Así como era innecesario despertar a Jesús en Tiberíades, es innecesario que esté despierto en las almas para darles vida. Las palabras del Cantar de los Cantares también se pueden aplicar a su sueño místico: "Duermo, pero mi corazón mira". Sí, Jesús observa solícito en las almas que aman, a pesar de que sienten que las ha abandonado. El amor no abandona. Jesús está allí en lo profundo del alma. Parece dormir porque el alma no escucha su voz refrescante, porque no disfruta de sus consuelos celestiales. Pero el Corazón de Jesús siempre está mirando con Su amor inextinguible, con Sus acciones incesantes, con Su cuidado tierno más solícito cada día.

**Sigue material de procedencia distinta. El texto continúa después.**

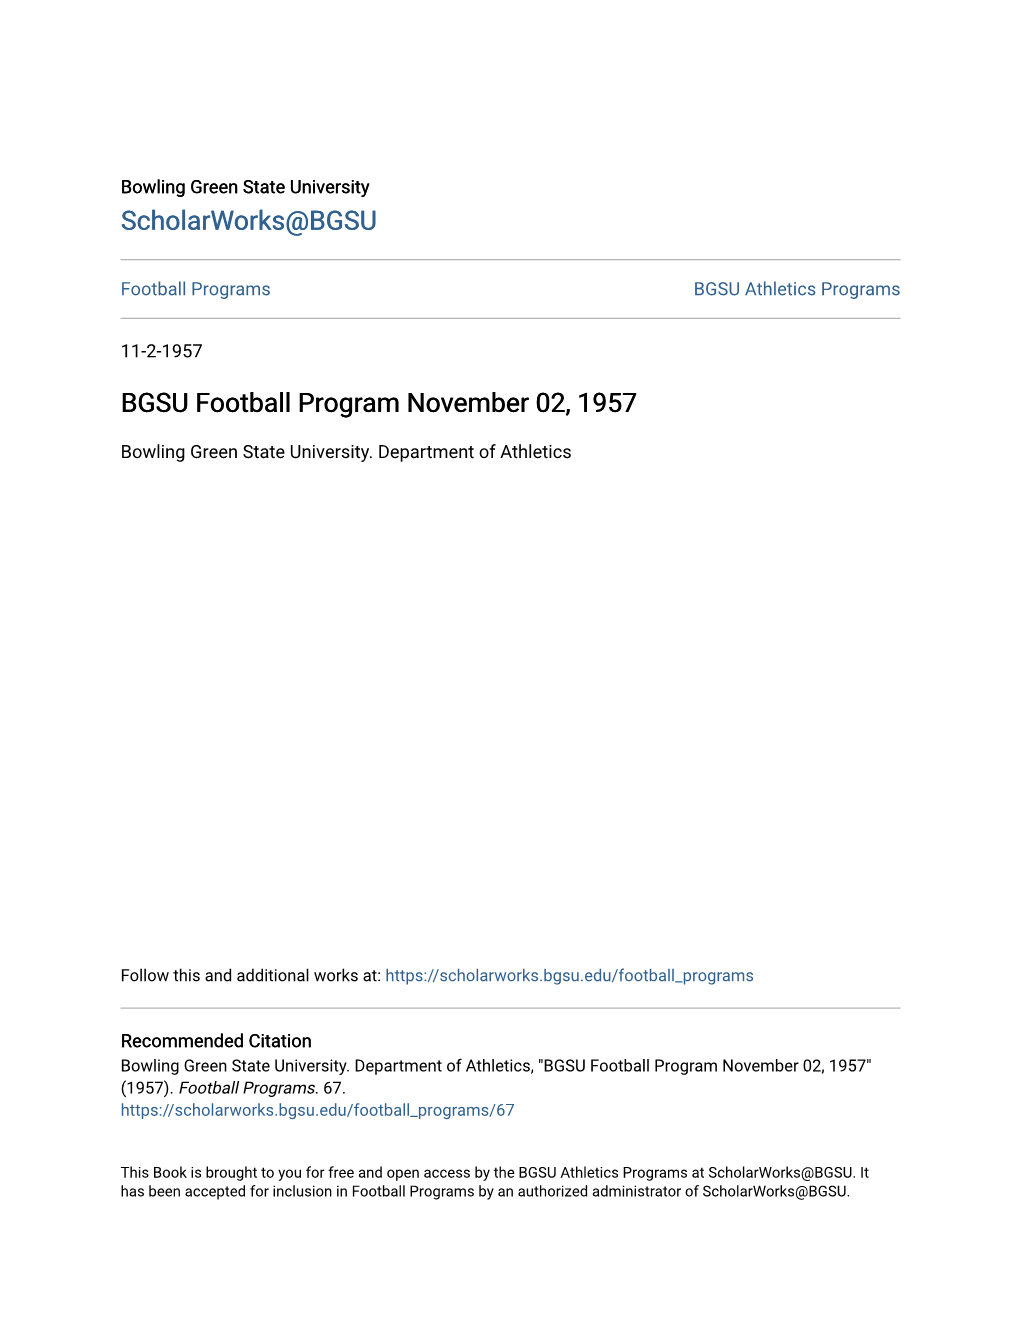 BGSU Football Program November 02, 1957

¡Ojalá uno conociera la fecundidad de Jesús en su sueño místico! Trabaja en el alma con la misma eficacia que cuando está despierto, tal vez con mayor eficacia. Los consuelos divinos dilatan el corazón, calman las pasiones y calman el alma, llenándola con la unción más suave. Las desolaciones también llevan a cabo la obra de Dios, una obra delicada y profunda de pureza, fuerza y ​​amor. Hay ciertas operaciones delicadas e íntimas que Jesús no realiza en las almas, excepto cuando está durmiendo. Su sueño místico no es por cansancio, sino por amor. Duerme porque ama. Él duerme porque, mientras duerme, Su Corazón observa, transformando almas profundamente, aunque esta transformación es imperceptible.

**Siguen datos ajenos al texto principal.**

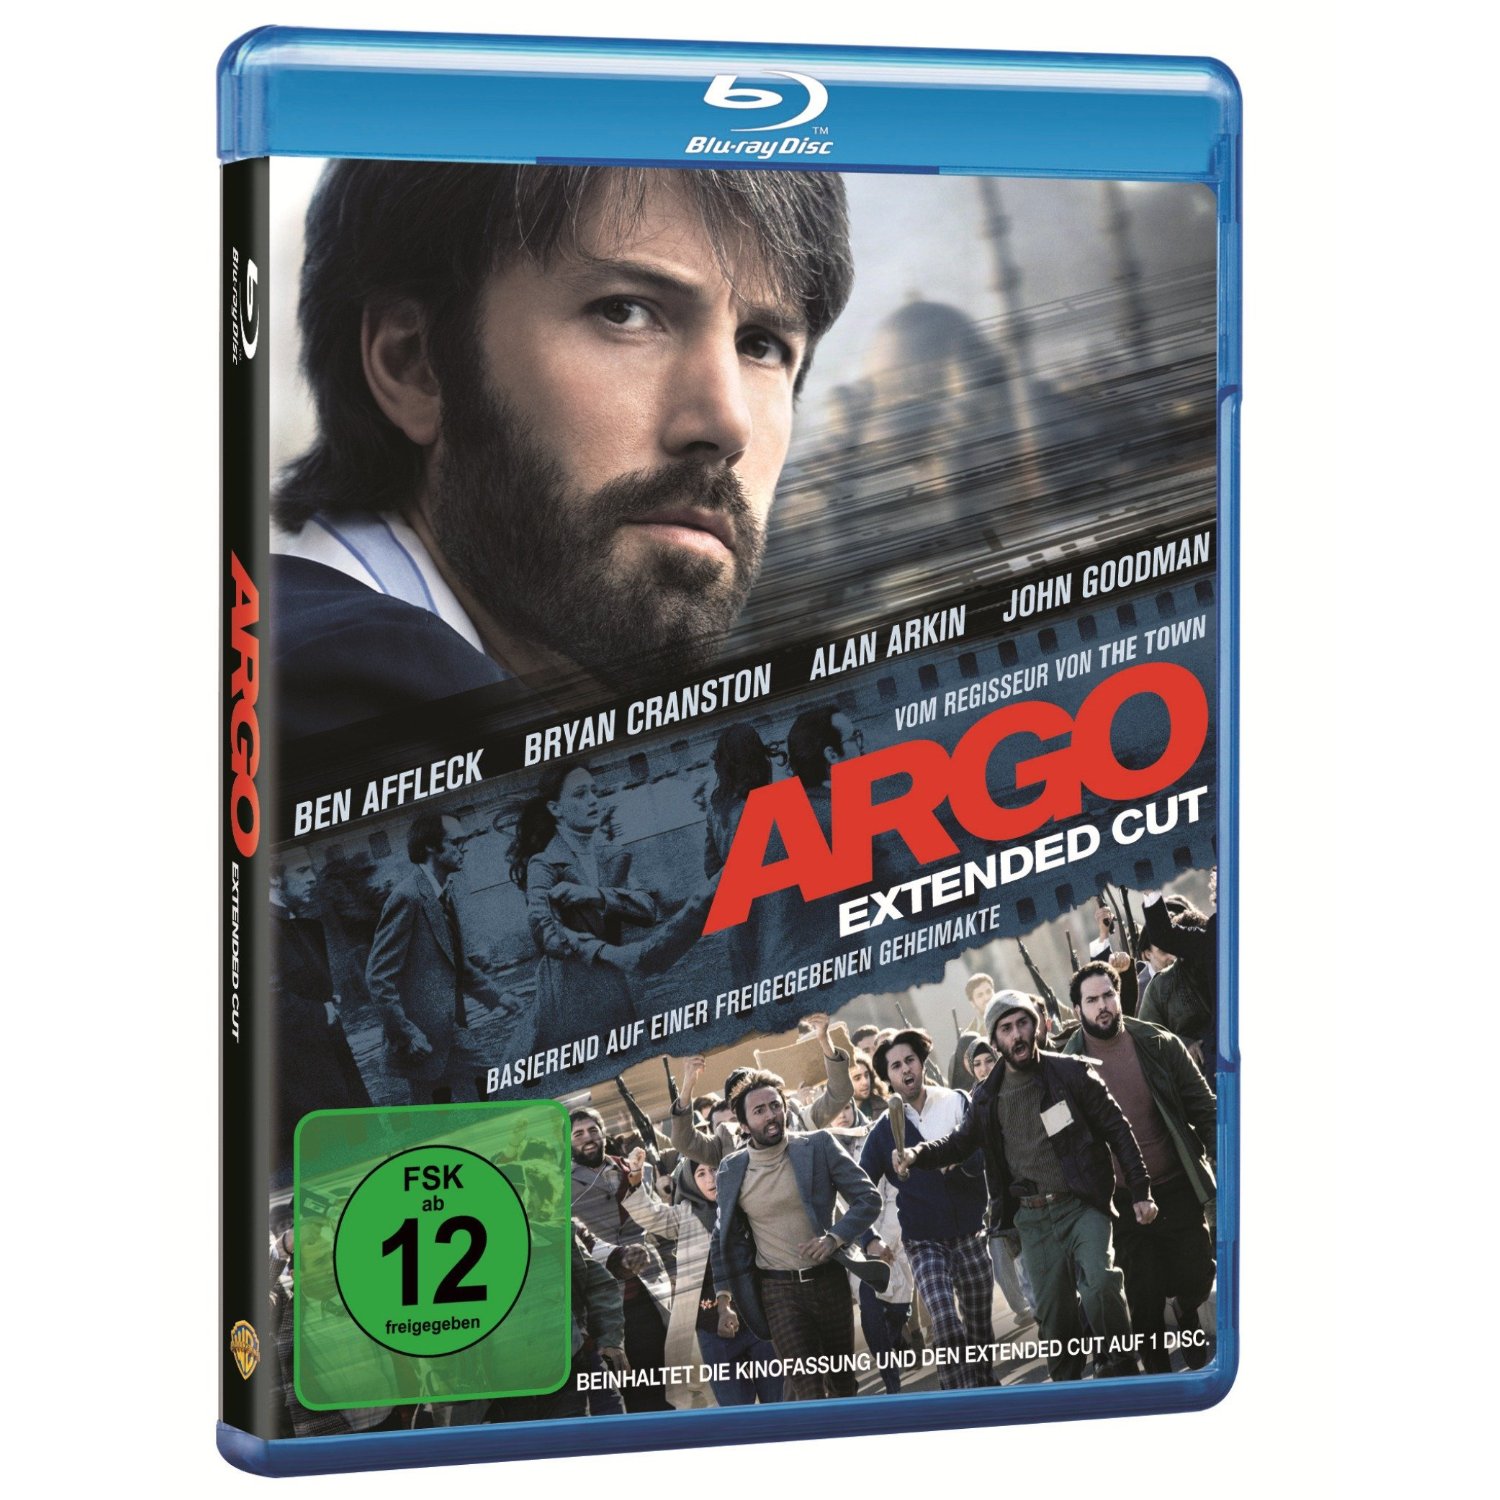 [AMAZON] Oscarschleuder! Argo – Extended Cut [Blu-ray] für nur 9,97 Euro inkl. Versand

Santa Teresa del Niño Jesús vio los secretos de la vida espiritual con notable claridad, y para explicar por qué no estaba afligida por su aridez en la oración y sus siestas durante su acción de gracias, observó que los médicos dormían a sus pacientes en orden para realizar operaciones. También es necesario que Jesús coloque las almas bajo un sedante sagrado, en la oscuridad total, en la inconsciencia absoluta, para llevar a cabo en ellas las operaciones divinas. Cuando esto ocurre, el alma piensa que Jesús está durmiendo.

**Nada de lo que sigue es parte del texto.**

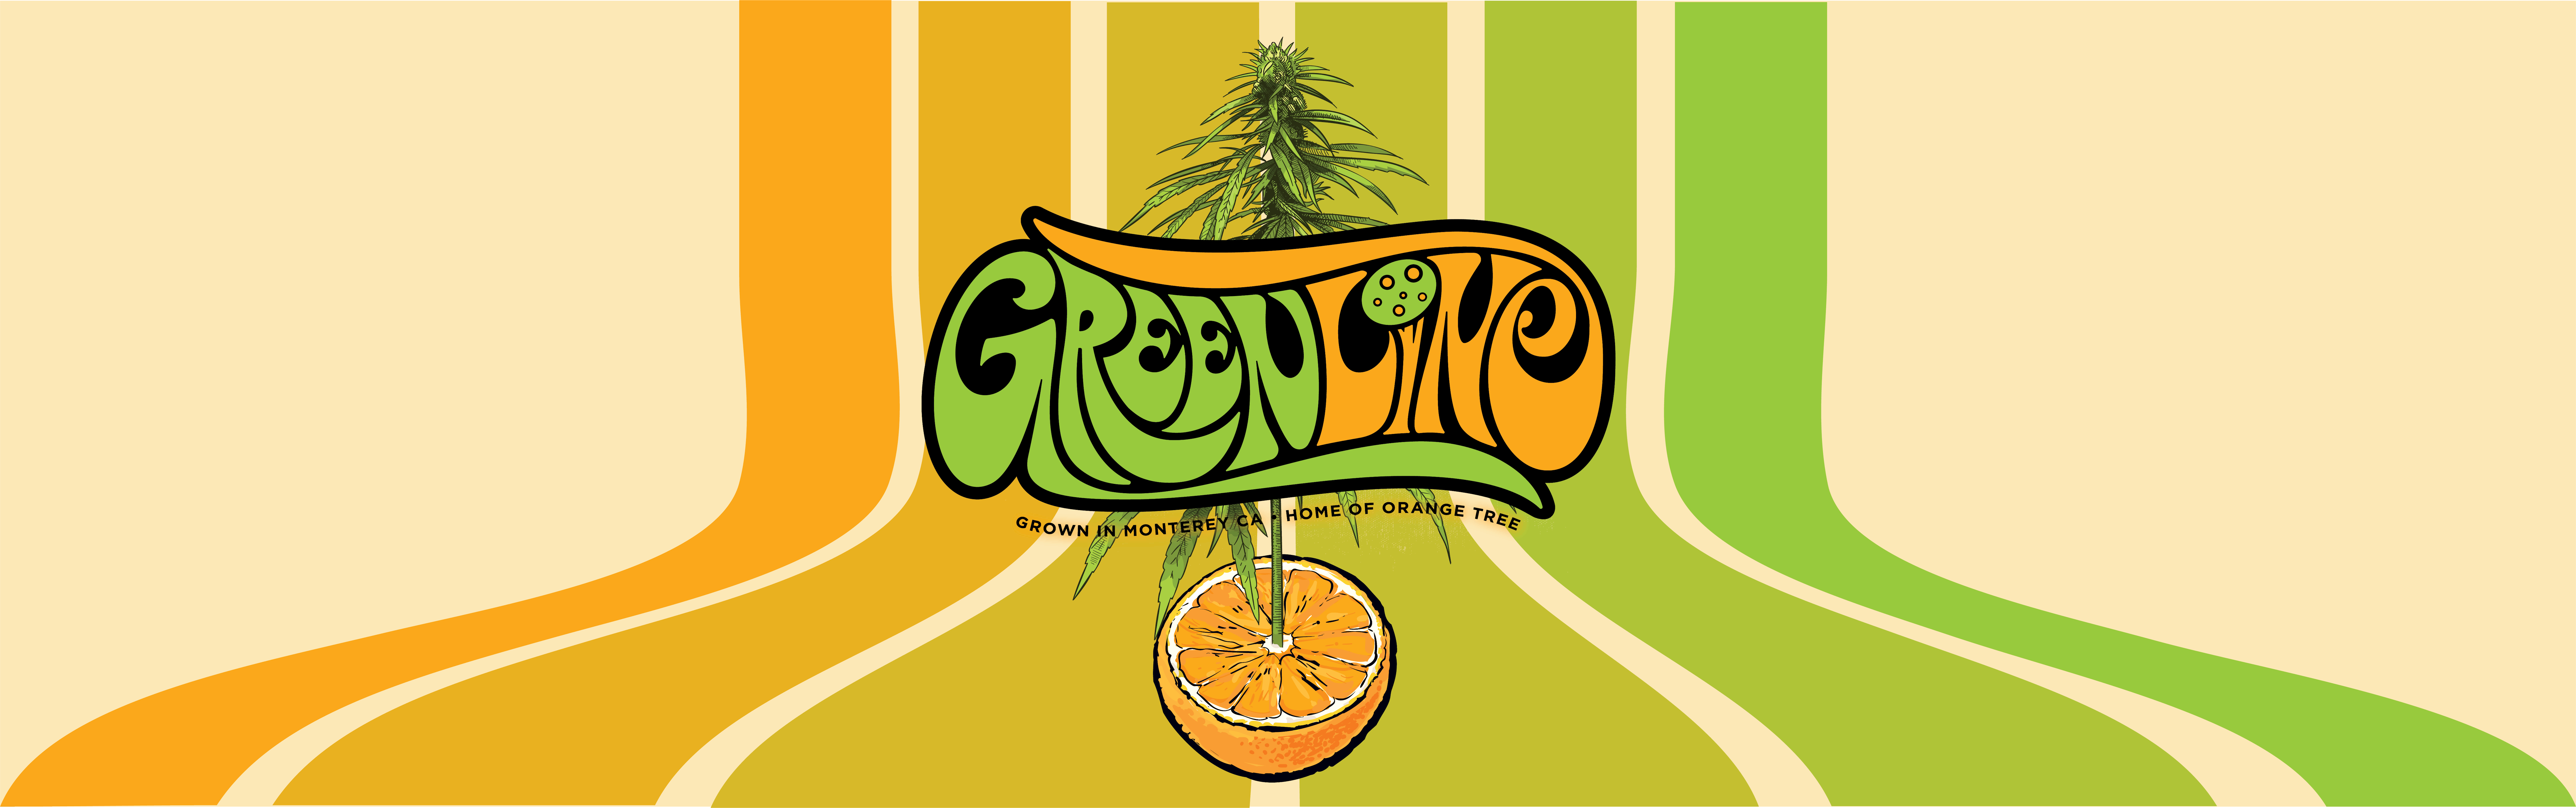 Greenline banner

¿Cómo podrían las almas soportar esos terribles sufrimientos que, como espadas de doble filo, penetran incluso en lo más profundo de su ser, si Jesús estuviera despierto, si la más dulce de las voces resonara en ellos, si la fragancia de su vida penetrara en su espíritu? , si experimentaron la acción divina clara y palpablemente? Con Jesús manifestado, uno no sufre. Mirándolo y recibiendo sus caricias, el alma se convierte en una réplica del Paraíso. Cuando se muestra a sí mismo, los sufrimientos se disipan como vapor antes del calor del sol o se convierten en una visión brillante y hermosa. El alma necesita sufrir en lo más profundo de su ser, sufrir durante mucho tiempo y sufrir sin mucho consuelo. Para que el alma pueda sufrir de esta manera y así recibir gracias especiales, Jesús duerme.

La gracia del dolor purificador y fructífero está asegurada por el sueño de Jesús en el alma. Como la tempestad en Tiberíades coincidió con el sueño del Maestro, en las almas el huracán se desata cuando Jesús duerme. Las almas deben templarse en el clamor de la tormenta. Deben ser sacudidos por las olas para aprender la estabilidad del amor. El cielo debe estar nublado para que, en medio de las sombras, puedan ver la misteriosa luz de la fe. Las mismas profundidades deben abrirse debajo de su frágil corteza, para que sepan esperar contra toda esperanza.

Los antiguos creían que las perlas se formaron cuando el océano fue sacudido por una tormenta. La preciosa perla del amor divino (cuya posesión hace que uno desprecia todas las cosas terrenales) se forma dentro del caparazón inmaculado del alma precisamente en la terrible pero fecunda hora de desolación.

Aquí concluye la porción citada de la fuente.